However I'm still going to have to either sort or fully randomize the material order in the materials.xml file. Otherwise parameter studies will not give a smooth surface. Which makes optimization harder than it needs to be.

Would people be open to a PR that sorts the material.xml file by ZAID number?

gridley commented 3 years ago

However I'm still going to have to either sort or fully randomize the material order in the materials.xml file. Otherwise parameter studies will not give a smooth surface. Which makes optimization harder than it needs to be.

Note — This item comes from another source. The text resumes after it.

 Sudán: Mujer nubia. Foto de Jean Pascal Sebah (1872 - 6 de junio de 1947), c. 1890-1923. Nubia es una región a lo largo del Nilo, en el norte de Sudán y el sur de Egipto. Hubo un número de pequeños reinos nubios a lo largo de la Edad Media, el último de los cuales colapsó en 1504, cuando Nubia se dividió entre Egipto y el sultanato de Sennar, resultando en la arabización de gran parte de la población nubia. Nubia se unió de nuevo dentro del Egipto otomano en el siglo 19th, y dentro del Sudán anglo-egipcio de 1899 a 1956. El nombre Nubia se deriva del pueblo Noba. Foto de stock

I am 99% sure you will not get a smooth surface regardless, unless you are running a problem with no scattering or something like that. Once you slightly perturb a problem, particles are most likely going to take entirely different tracks, not simple perturbations from the original ones.

Would people be open to a PR that sorts the material.xml file by ZAID number?

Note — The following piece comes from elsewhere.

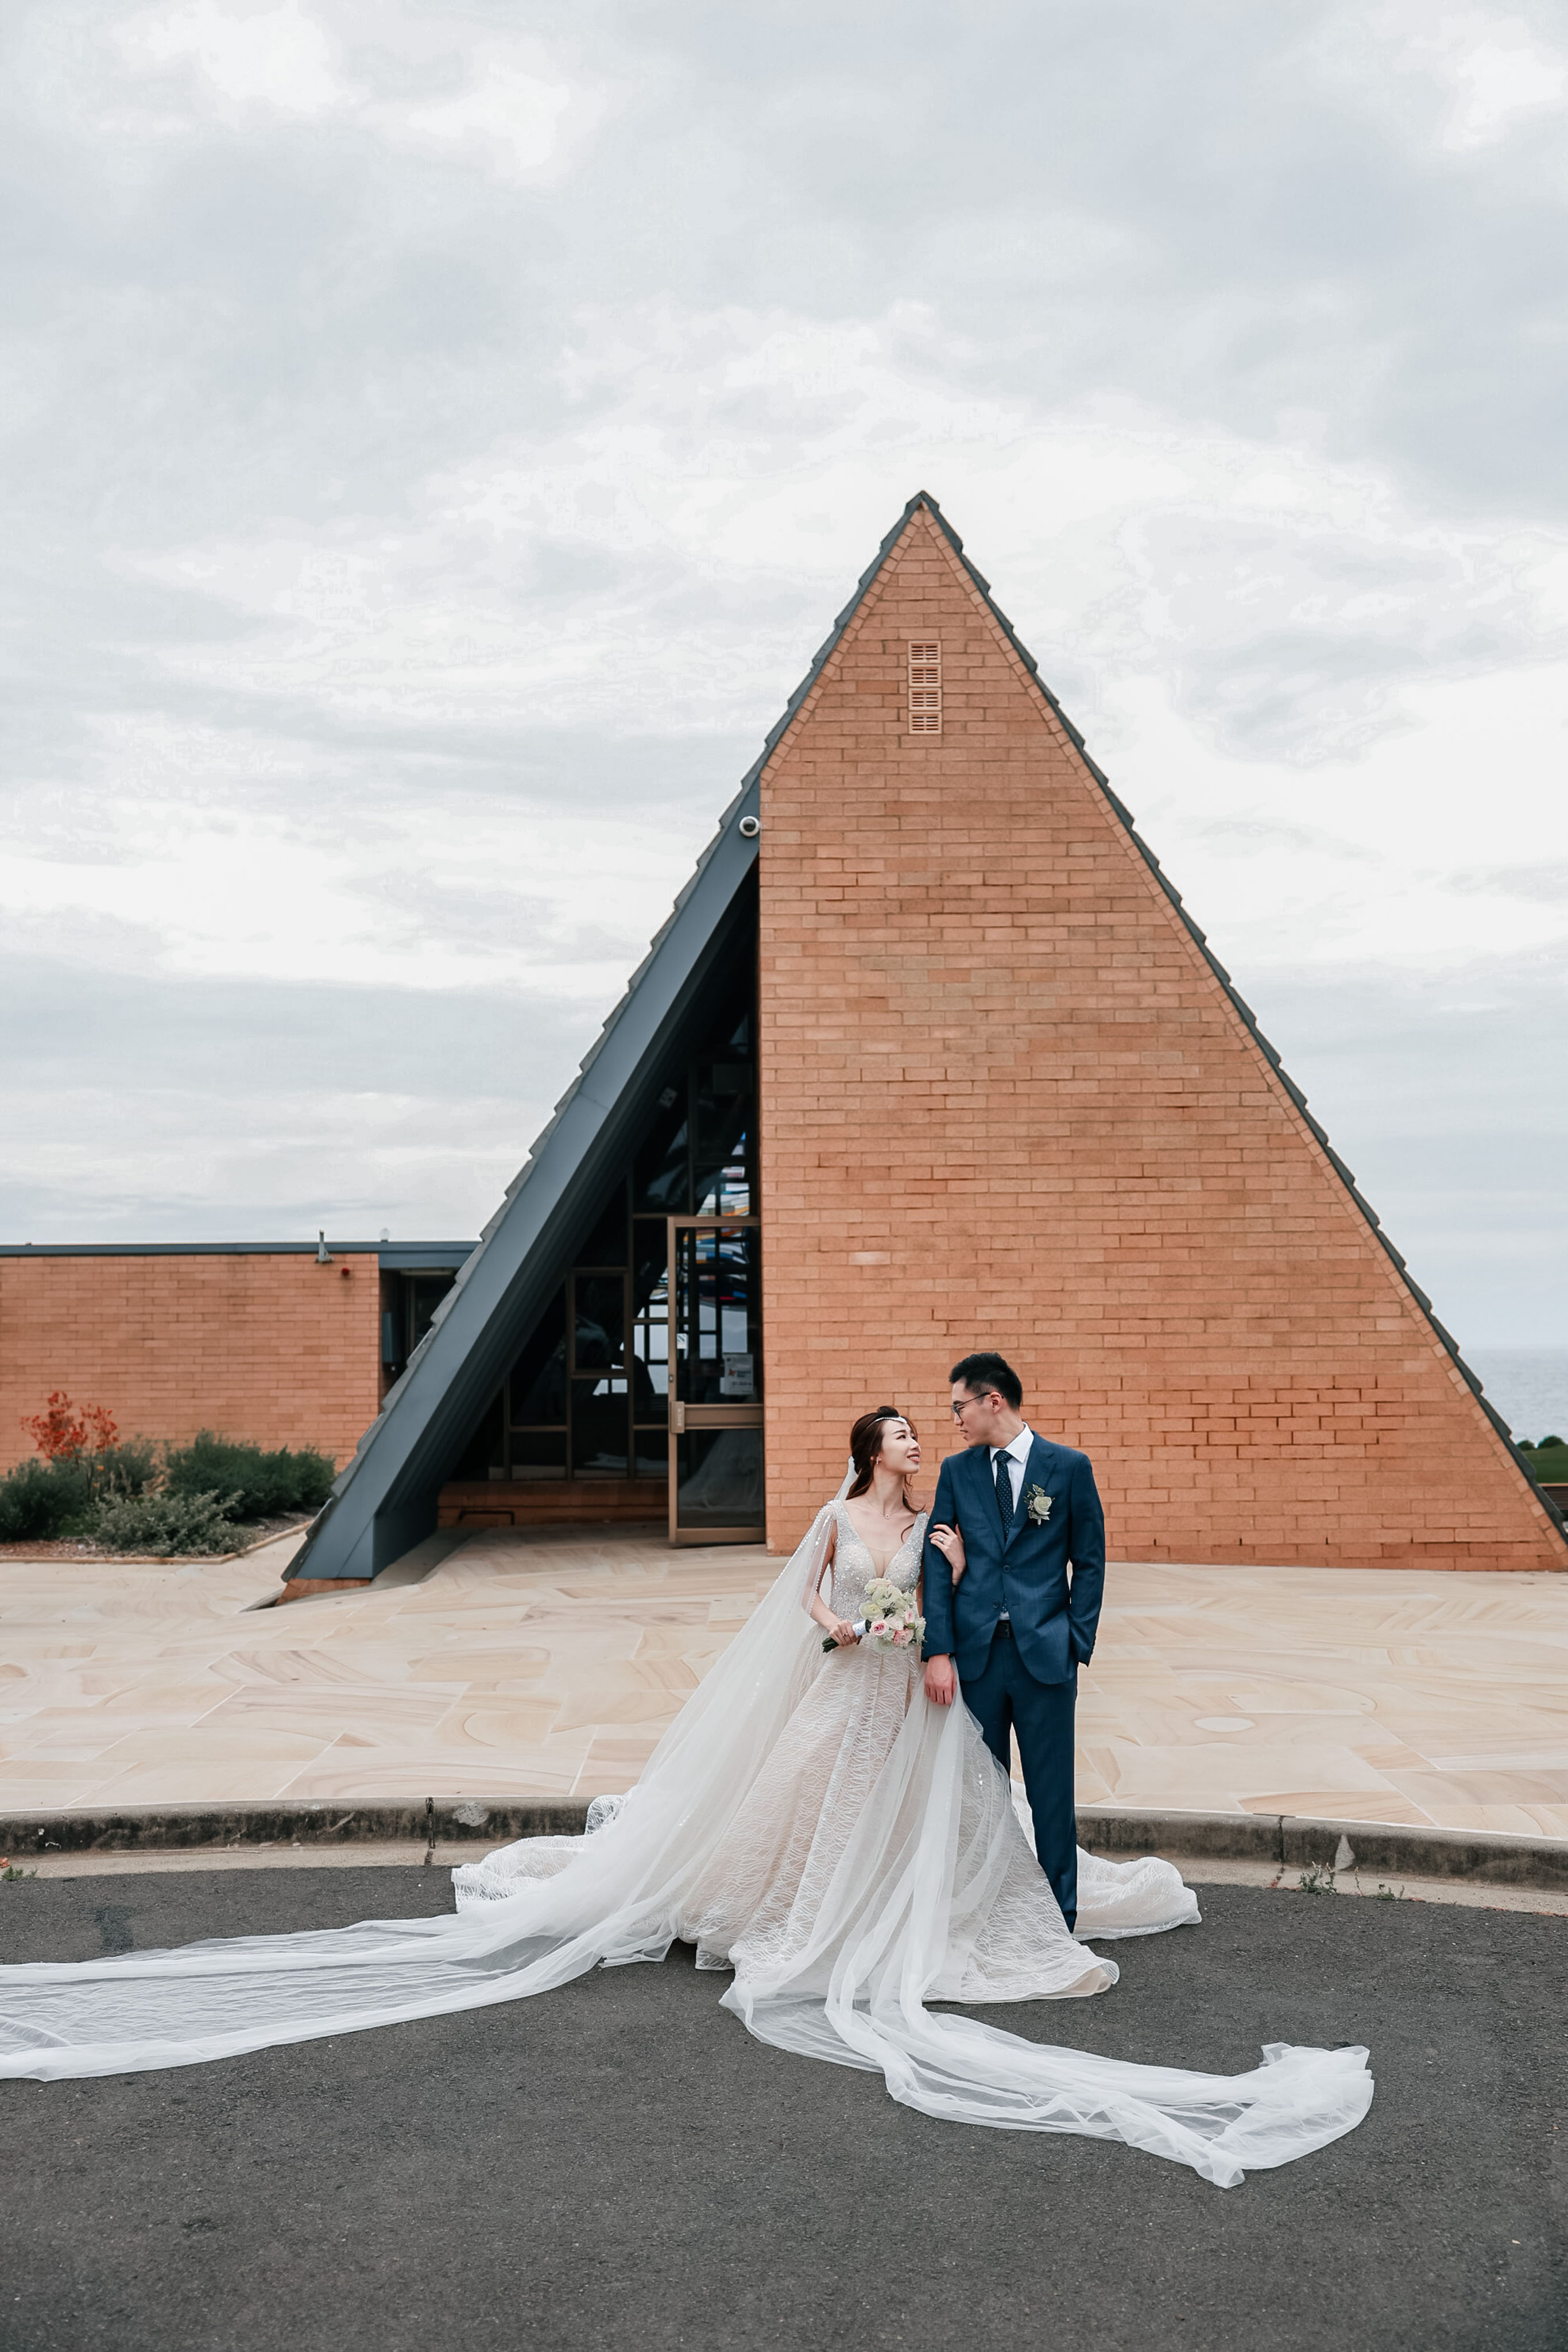 悉尼顶尖婚纱婚礼摄影|婚礼摄像|婚礼布置策划|商业广告摄像TVC|房地产广告摄影摄像|视频制作

My personal opinion is that we should sort the nuclide list in C++ after reading. The output of the program should be independent of a physically (but not computationally) identical input. Then nobody would have to worry about calling some python API method to sort the nuclides ever again.

On the other hand, sorting them in C++ would likely require re-golding our regression tests, unless by some strange coincidence the nuclides in the tests are sorted already.

paulromano commented 3 years ago

Agree with @gridley's comment on optimization -- I don't see how you would get a smooth surface. Even if you run the same problem twice on the same machine, if it is done in parallel it's entirely possible you'll end up with two different but statically equivalent answers.

Personally, I am not in favor of doing any sorting by default unless there is a good reason for it. The only "good" reason I can think of is to improve the efficiency of sampling a nuclide for a collision (which would have to be based on some combination of the atom density of that nuclide along with its cross section), but even for that I'd need some clear evidence that it's worth the extra complexity. In the absence of sorting by default, it should be sufficient to provide a method / means by which a user can sort nuclides in materials if they so choose (Materials.sort_nuclides() or something like that).

gridley commented 3 years ago

@paulromano there is a benefit to sorting nuclides for GPU operations. Imagine you have two fuel mixtures, one with nuclides listed in reverse order compared to the other. Now consider you're in the fuel XS lookup kernel, and all even-numbered particles are in fuel mix 1 and the others in fuel mix 2. You are likely to use whatever's in the cache better if there is a chance the whole thread block is looking at the same nuclide. Moreover, with sorted nuclides, you could sync threads after each nuclide. I have heard through the grapevine that a certain GPU MC code that's about 10 times faster than GPU SHIFT uses this technique...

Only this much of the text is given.